HyperLogLog primer
Count billions of distinct items in kilobytes of memory. HyperLogLog trades exact answers for a stable error bound around 0.81%, making it the default tool for unique-visitor counts, distinct-query tracking, and stream deduplication at Meridian scale.
1. The intuition
Hash every incoming element to a uniform bitstring. Count the leading zeros of each hash. The maximum run of leading zeros seen across N hashes is roughly log2(N) — long runs are rare, so observing a long run is evidence many distinct items have been processed.
HyperLogLog refines this by splitting hashes across m registers and taking a harmonic mean. The result is an estimator with relative error 1.04 / sqrt(m).
2. Register layout
Meridian uses m = 2^14 = 16384 registers of 6 bits each — 12 KB per sketch, 1.62% error, counts comfortably to 10^9 distinct.

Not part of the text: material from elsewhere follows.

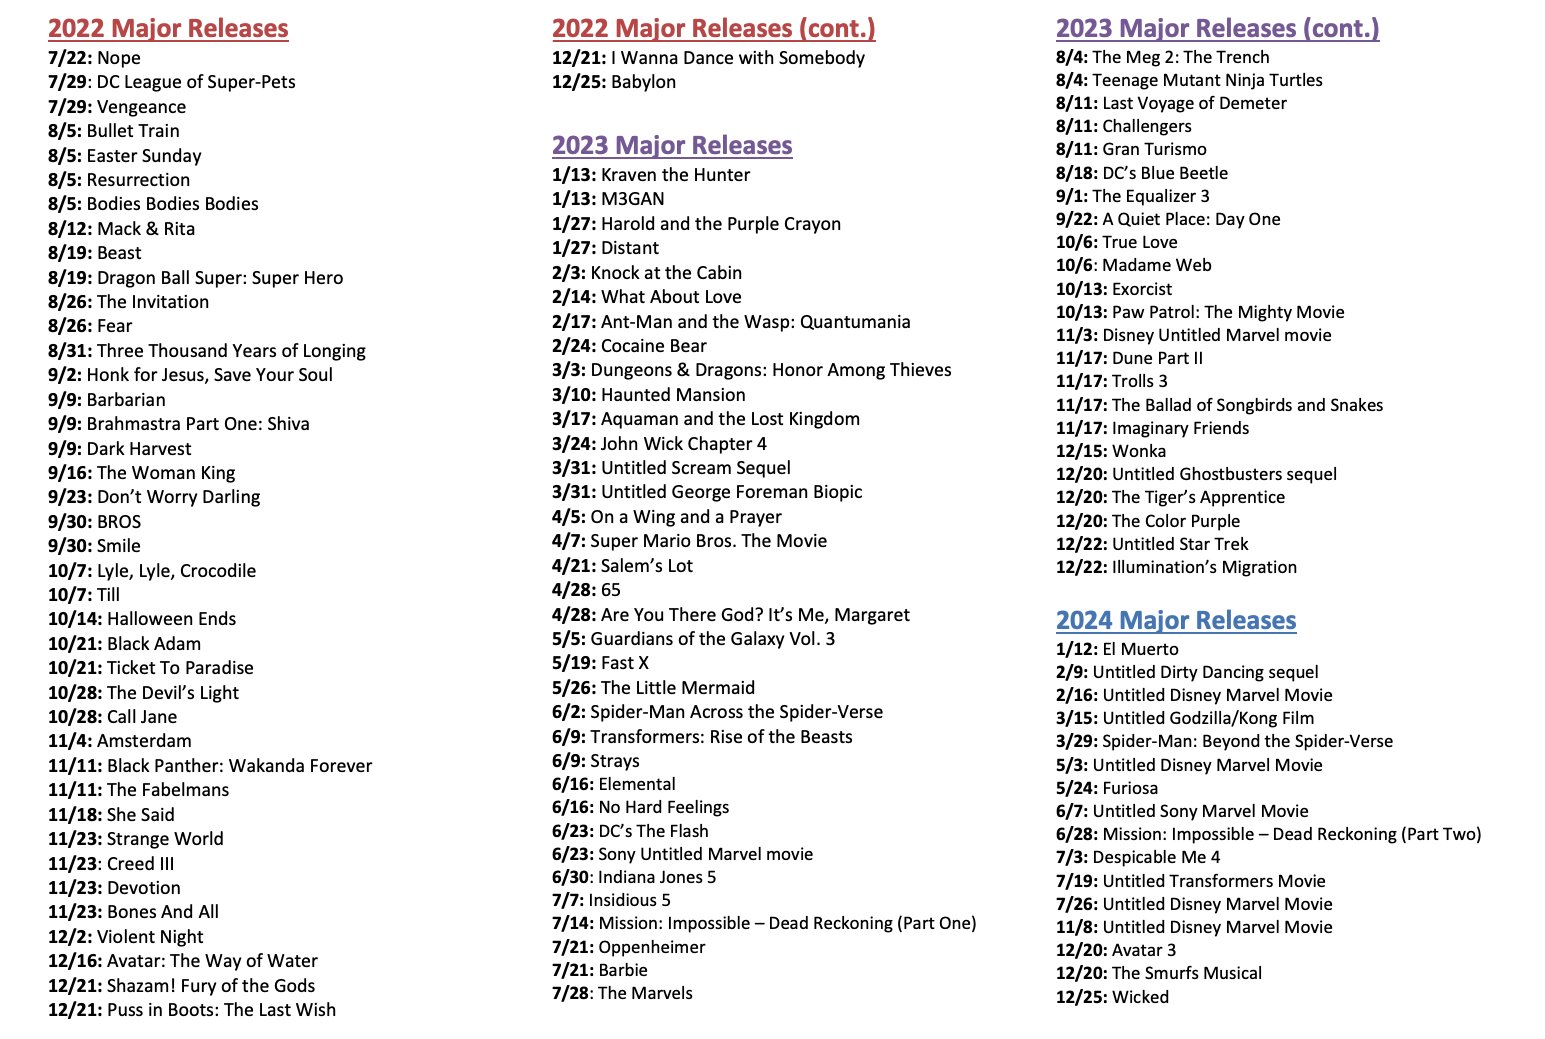 Every major Netflix film release coming in 2024

// register update hash = murmur3_64(item) bucket = hash >> (64 - 14) // top 14 bits tail = hash << 14 // remaining 50 bits rho = clz(tail) + 1 // leading zeros + 1 M[bucket] = max(M[bucket], rho)
3. Merging and querying
Two sketches with the same m merge by taking the per-register maximum — this is what makes HLL associative and parallelizable. Shard your stream, count locally, fold globally.
Cardinality is the bias-corrected harmonic mean of 2^M[i]. Small cardinalities fall back to linear counting; large cardinalities use the raw HLL estimate. Meridian handles the switch automatically.